DATA FOR THIS EXERCISE:
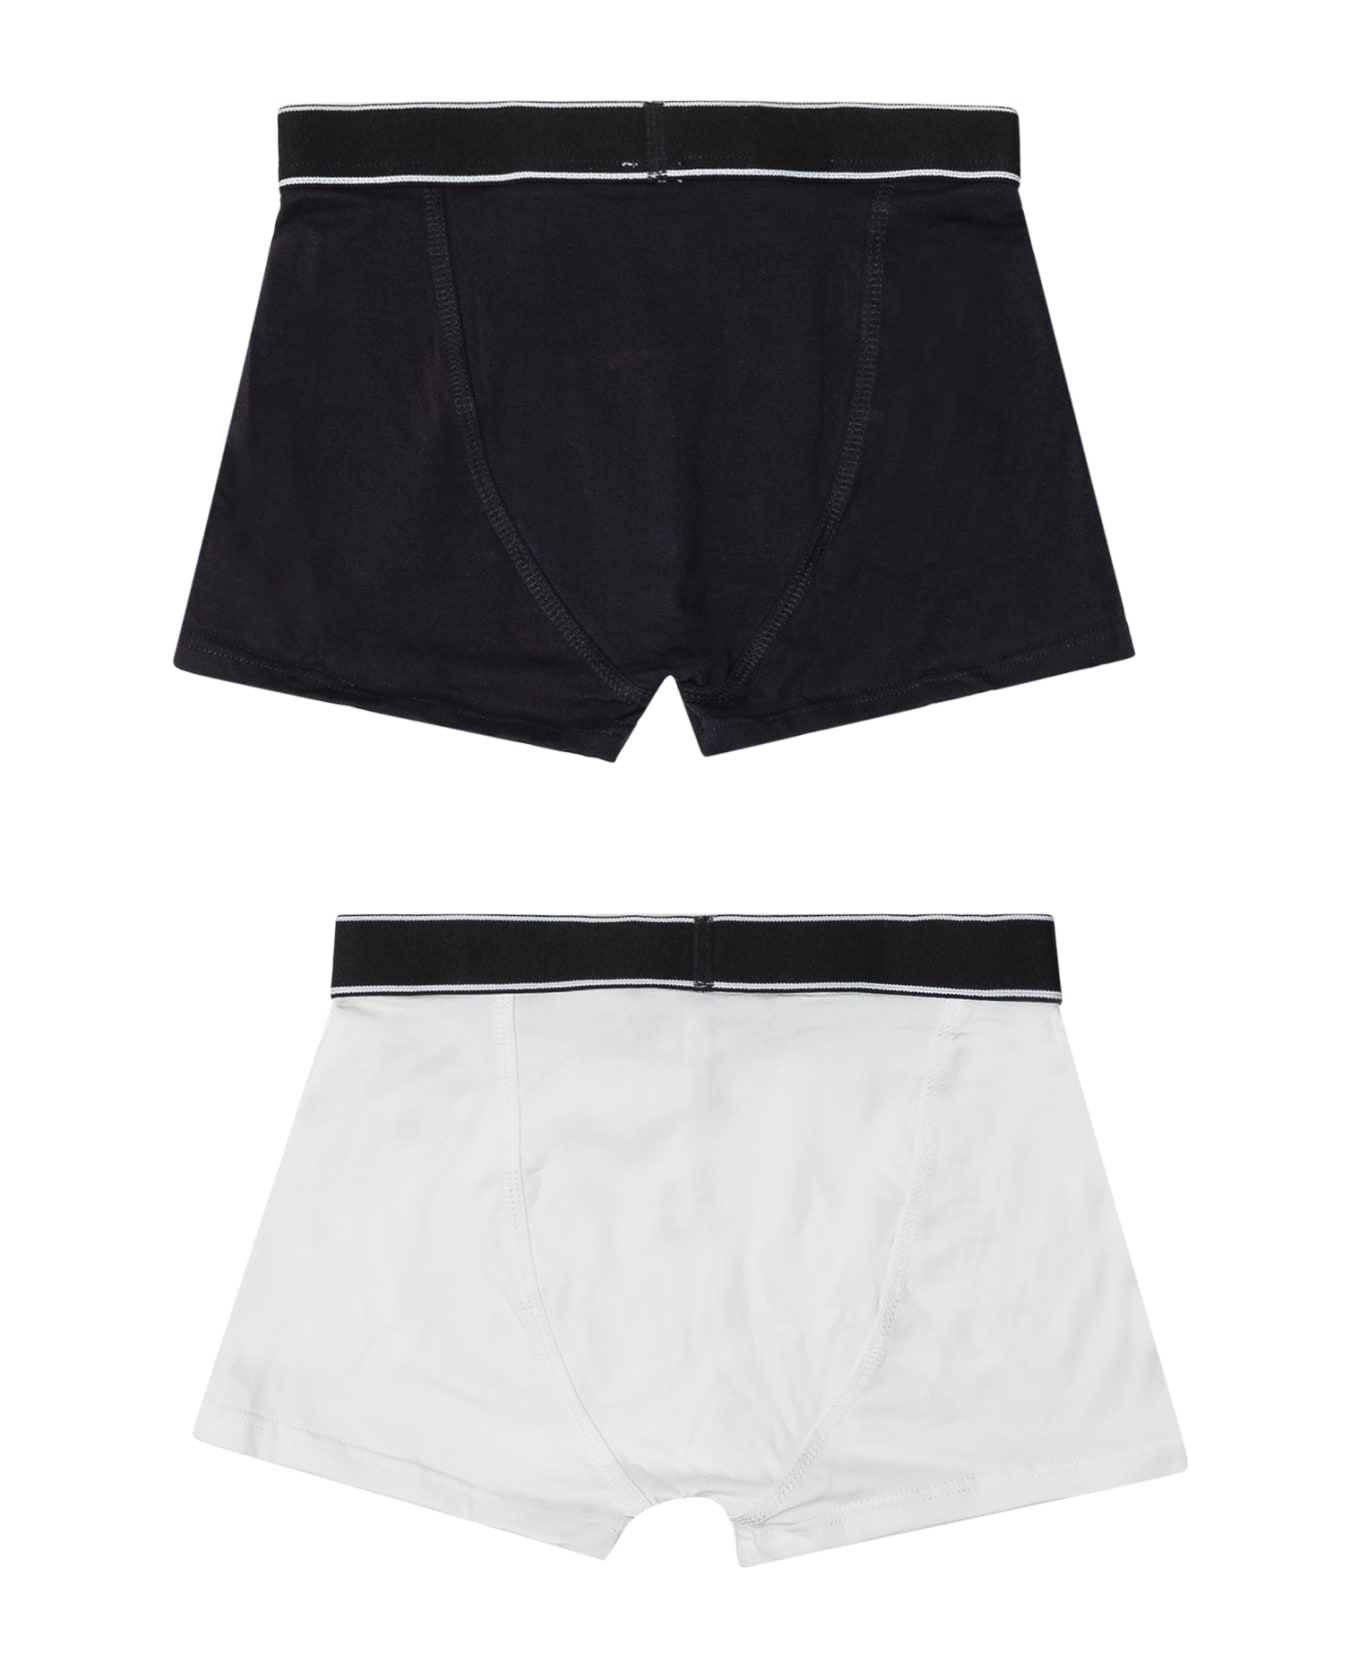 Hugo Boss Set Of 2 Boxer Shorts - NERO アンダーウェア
* * *
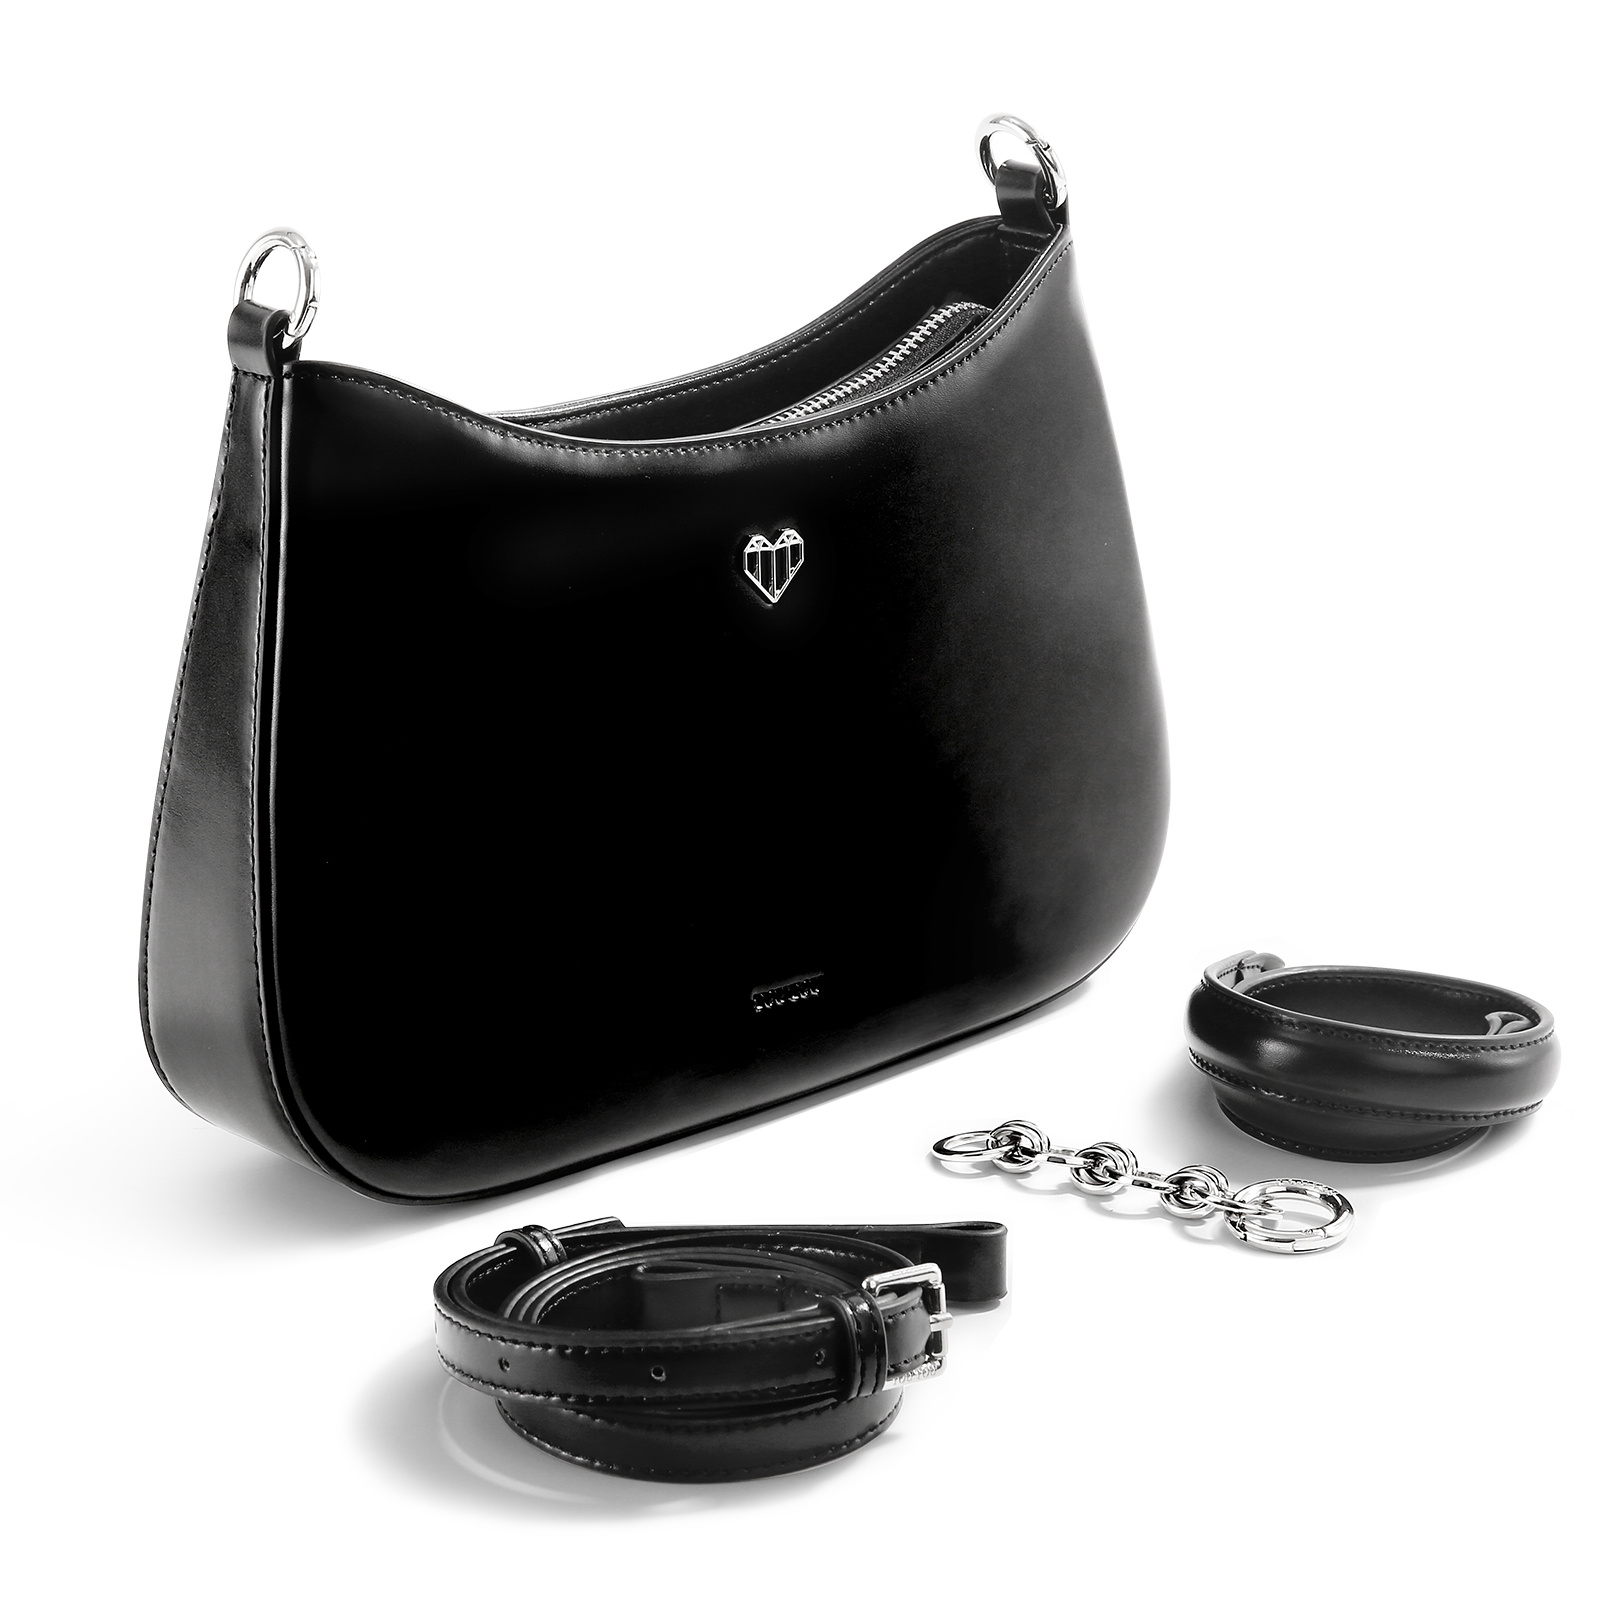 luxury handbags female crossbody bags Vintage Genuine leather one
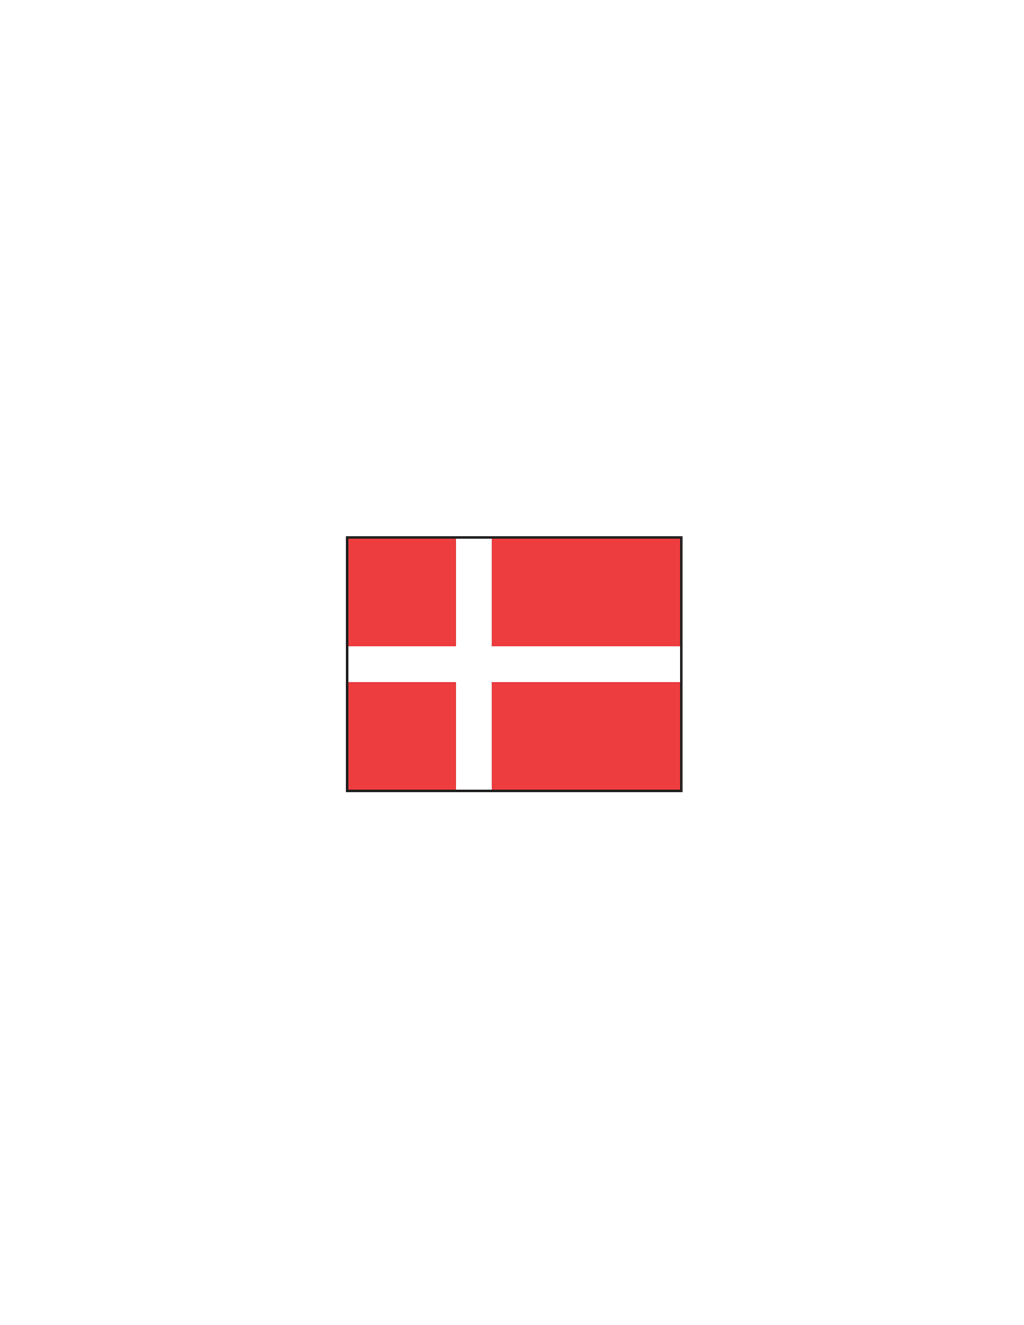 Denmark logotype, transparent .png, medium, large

DIRECTIONS FOR THIS TASK: Would you please repeat only the lines above, beginning at the one that has "luxury handbags female" and stopping after the one that has "Denmark logotype, transparent", exactly and with no pictures?

WRITTEN ANSWER:
 luxury handbags female crossbody bags Vintage Genuine leather one
 Denmark logotype, transparent .png, medium, large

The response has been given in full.